CRDTs (and I guess MRDTs are no different in this respect) are often touted as an enabling technology for collaborative local-first applications (see e.g. recent discussion: https://news.ycombinator.com/item?id=21581444) but I fail to see how they are useful beyond the simplest of cases: the emphasis is on automatic convergence, but it seems almost impossible to preserve non-trivial application-specific invariants without manual merging (I am thinking of such applications as collaborative source code editing or vector graphics editing). Am I missing something?
The point is often you don't need to. If you use Google docs, the chances are you will be editing it disjointly most of the time and occasionally you'll edit the same bit of the document. Then you don't really care if what comes out is a meaningful sentence, but that all parties involved (regardless in which order they see the operations) see the same version of the document so that they can fix it. That's what CRDTs buy you.
Without them, you have to use either explicit synchronisation which is a bad idea if you want local-first software (doesn't work offline, needs to be done even when editing disjoint bits of the file, etc.) or something like CRDTs. Now there is a great paper by Victor Gomes, Martin Kleppmann, and Dominic Mulligan that proves (in a proof assistant!) that pretty much all other alternatives that do not use strong consistency is flawed in edge cases.
As for triviality of the operations, I know for a fact that Martin Kleppmann has a paper in the works that show (and prove) how to do tree move efficiently as a CRDT. That means you can basically do arbitrary edits on JSON. Hopefully, that should clear up any confusion about for which applications it might be useful.
> The point is often you don't need to. If you use Google docs, the chances are you will be editing it disjointly most of the time and occasionally you'll edit the same bit of the document. Then you don't really care if what comes out is a meaningful sentence, but that all parties involved (regardless in which order they see the operations) see the same version of the document so that they can fix it.
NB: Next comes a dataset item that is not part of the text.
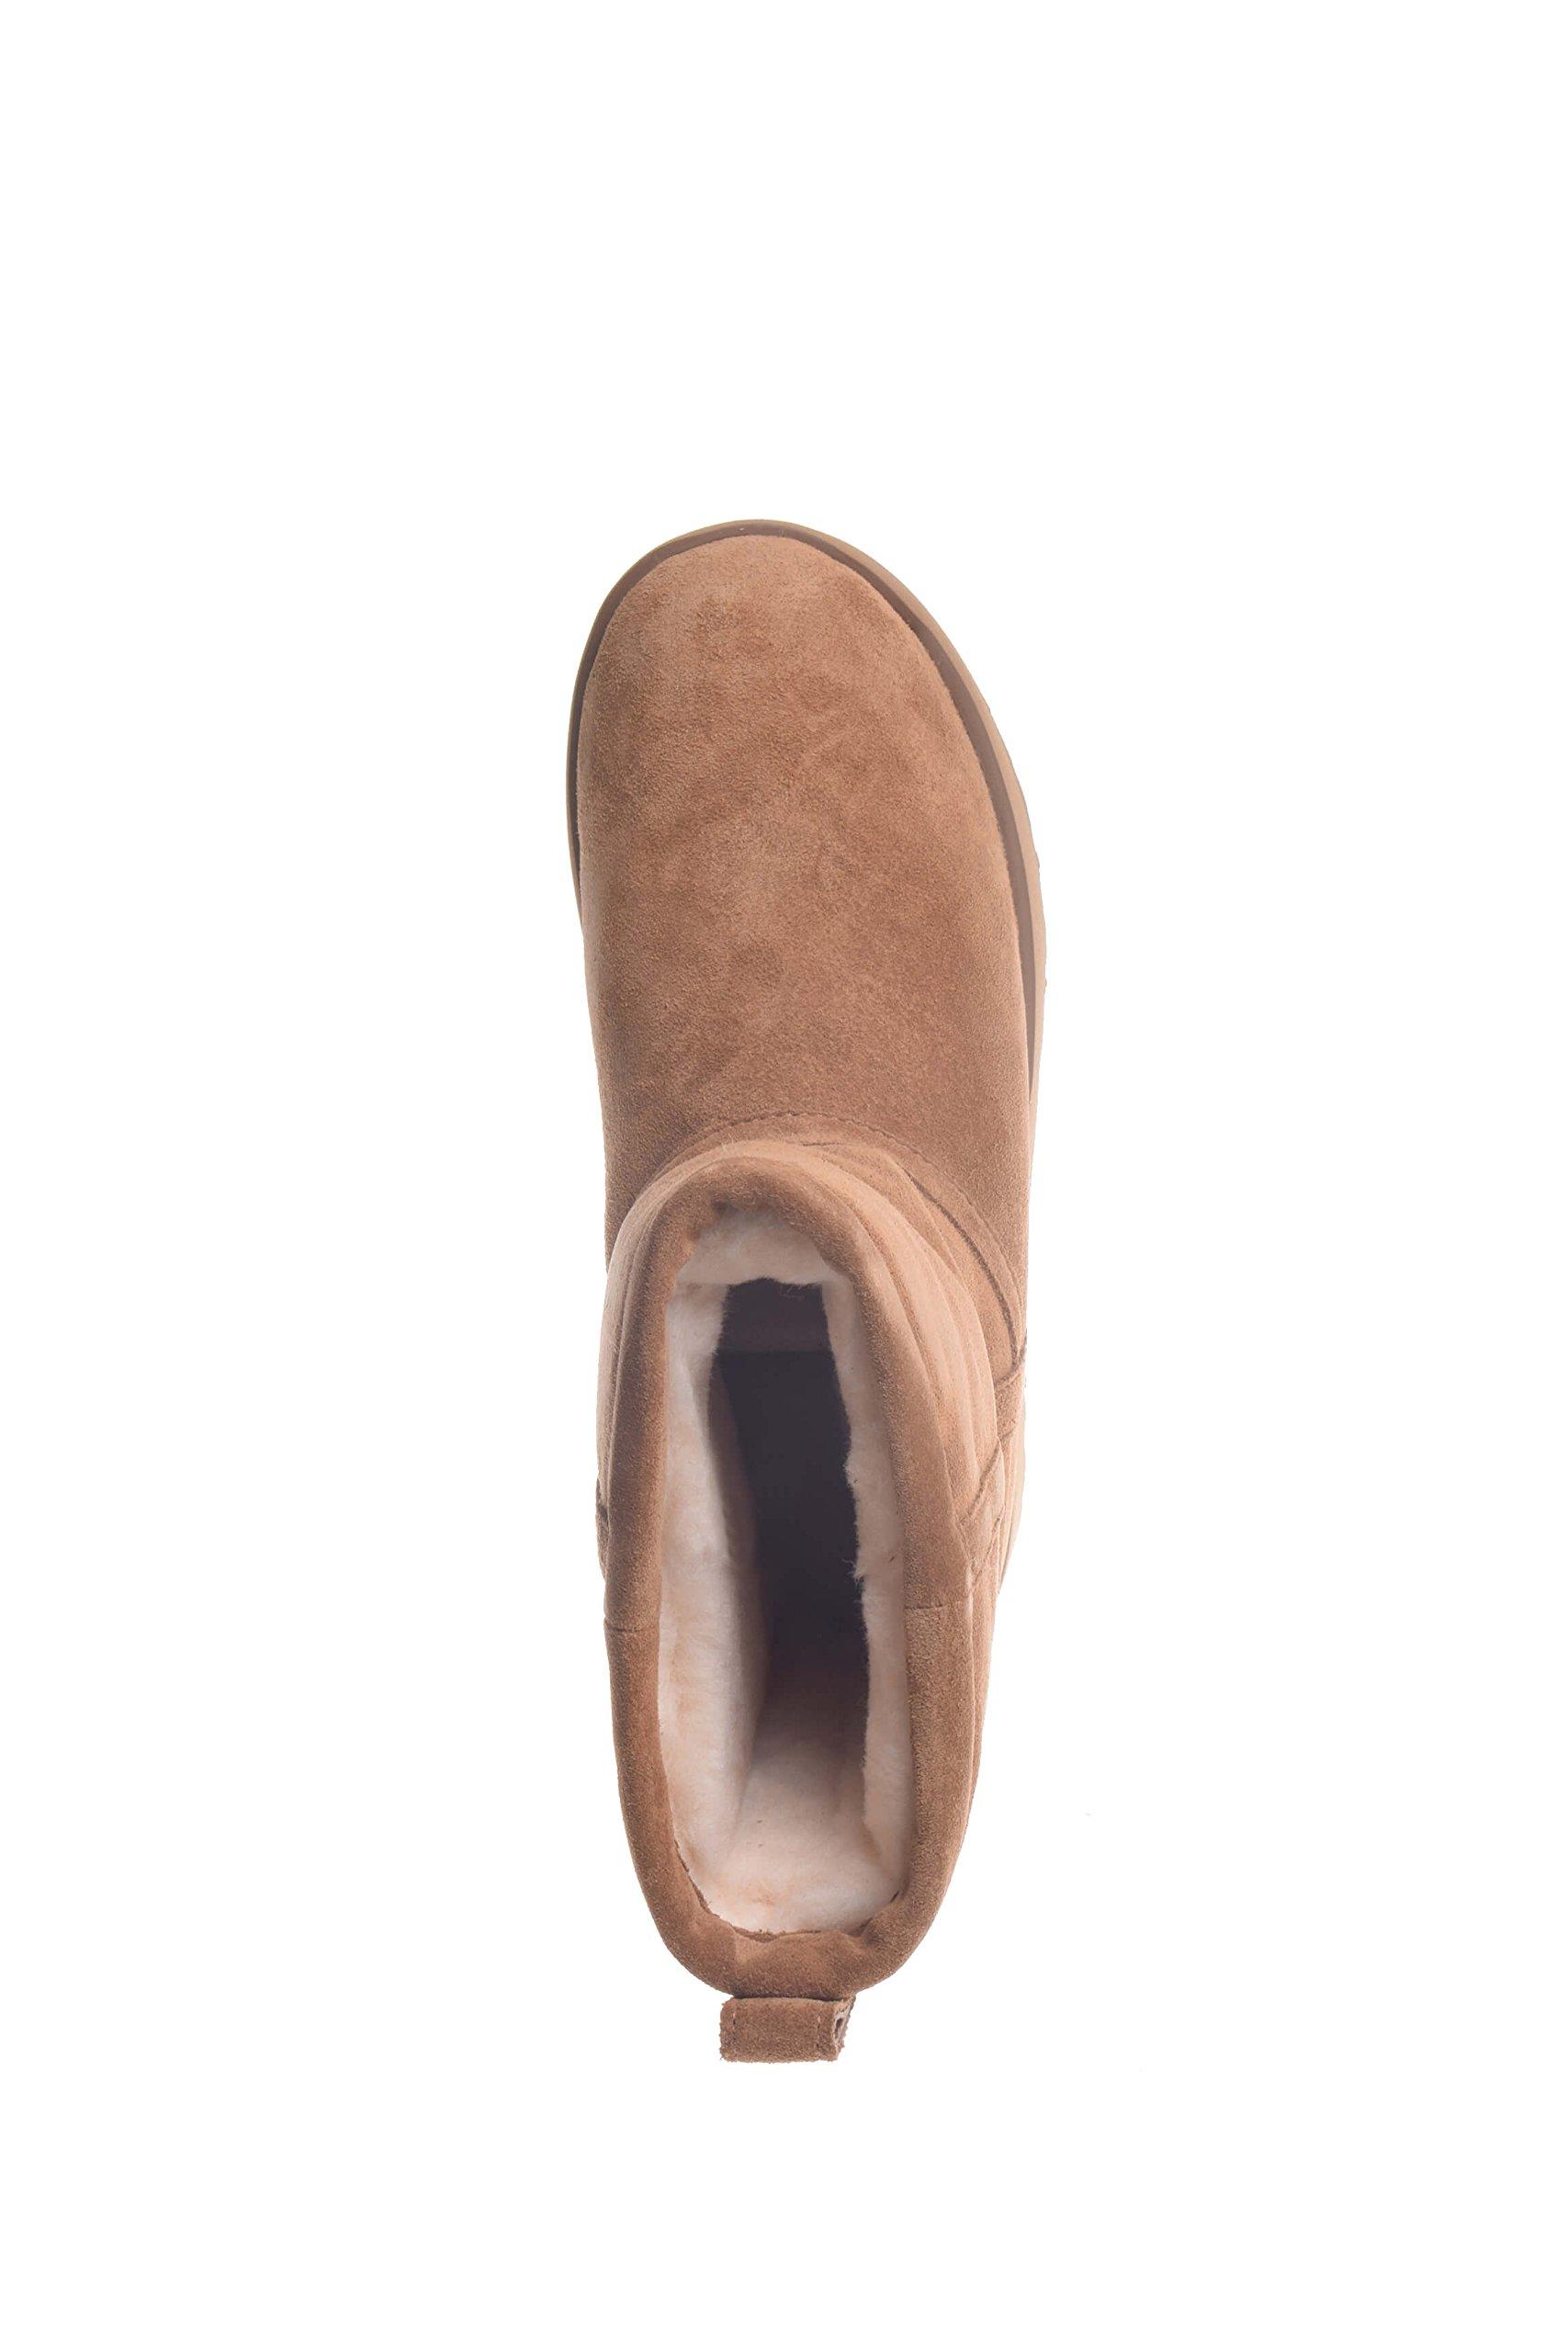 UGG Women's Classic Short Waterproof Snow Boot

That's what CRDTs buy you.
Ok, so the hope is that semantic conflicts are rare and if they do happen, users can easily see them and promptly correct them. I guess this works well if the invariants are local and synchronization is fairly frequent (i.e. on the scale of seconds, not weeks).
> That means you can basically do arbitrary edits on JSON. Hopefully, that should clear up any confusion about for which applications it might be useful.
Not quite. Of course you can model everything in JSON, but the question remains as to how much additional implicit structure is needed atop the explicit tree-like structure that JSON provides and how easily this implicit structure is disturbed by merges.
I think the subtlety with CRDTs is that how you choose to represent your data model via CRDT data structures encodes the semantics of how conflicts are resolved. As a simple example there are multiple versions of Set (remove once, add only, remove observed, etc.) that have different semantics.
As a more concrete example, Apple Notes edits tables and resolves conflicts via CRDTs. Now for editing tables in a word processor, you can have multiple users moving, adding, and deleting columns, in addition to editing the text within a cell. (One user adds a row, another adds a column. One user deletes a column and another moves it. etc.)
If you just naively represent this as a list of lists, the semantics expected by the user breaks. (One user adds a row, another adds a column, and you have a short row with cells in the wrong place.)
Apple ended up representing the columns as an ordered set of ids (piecing this together from other CRDTs) the rows as a second ordered set of ids, and then the text blobs as a map of column id, to a map of row id to a text crdt object. With the additional assumption that any "missing" text is in the blank, initial state. (I might have this transposed, it's from memory, but that's the basic idea.)
It works, and works well, but a lot of thought and effort was put into modeling the domain as CRDTs to capture the required semantics.
(Here, for ordered set, you can use a list CRDT, drop duplicates, and tack on an add-only set of tombstones to keep move/delete conflicts from resurrecting rows/columns.)
"often" isn't that useful to me as an application developer. If I'm going to build local-first software and put it out on hundreds of thousands of desktops, once it's deployed, the database is outside my control.
Yes, I need convergance, but I also need to ensure application invariants are maintained.
I agree with parent that a CRDT isn't that useful for local-first software unless you can encode arbitrarily complex programmatic logic in the transitions. That way I as a developer have control over how merges happen globally and all invariants. It's too complex to reason about otherwise.
It's not clear to me if this paper gives me what I'm looking for -- I'm looking forward to digging into it.
There are other approaches to CRDTs that I'm more excited about: Statebox (https://github.com/mochi/statebox) from years ago is a CRDT that encodes arbitrary transitions and converges by rewinding and replaying in a consistent order. This is basically the same trick blockchains typically do to merge forks. Radicle (https://radicle.xyz/) is another related approach.
I think things like this are the better path forward for local-first software, personally.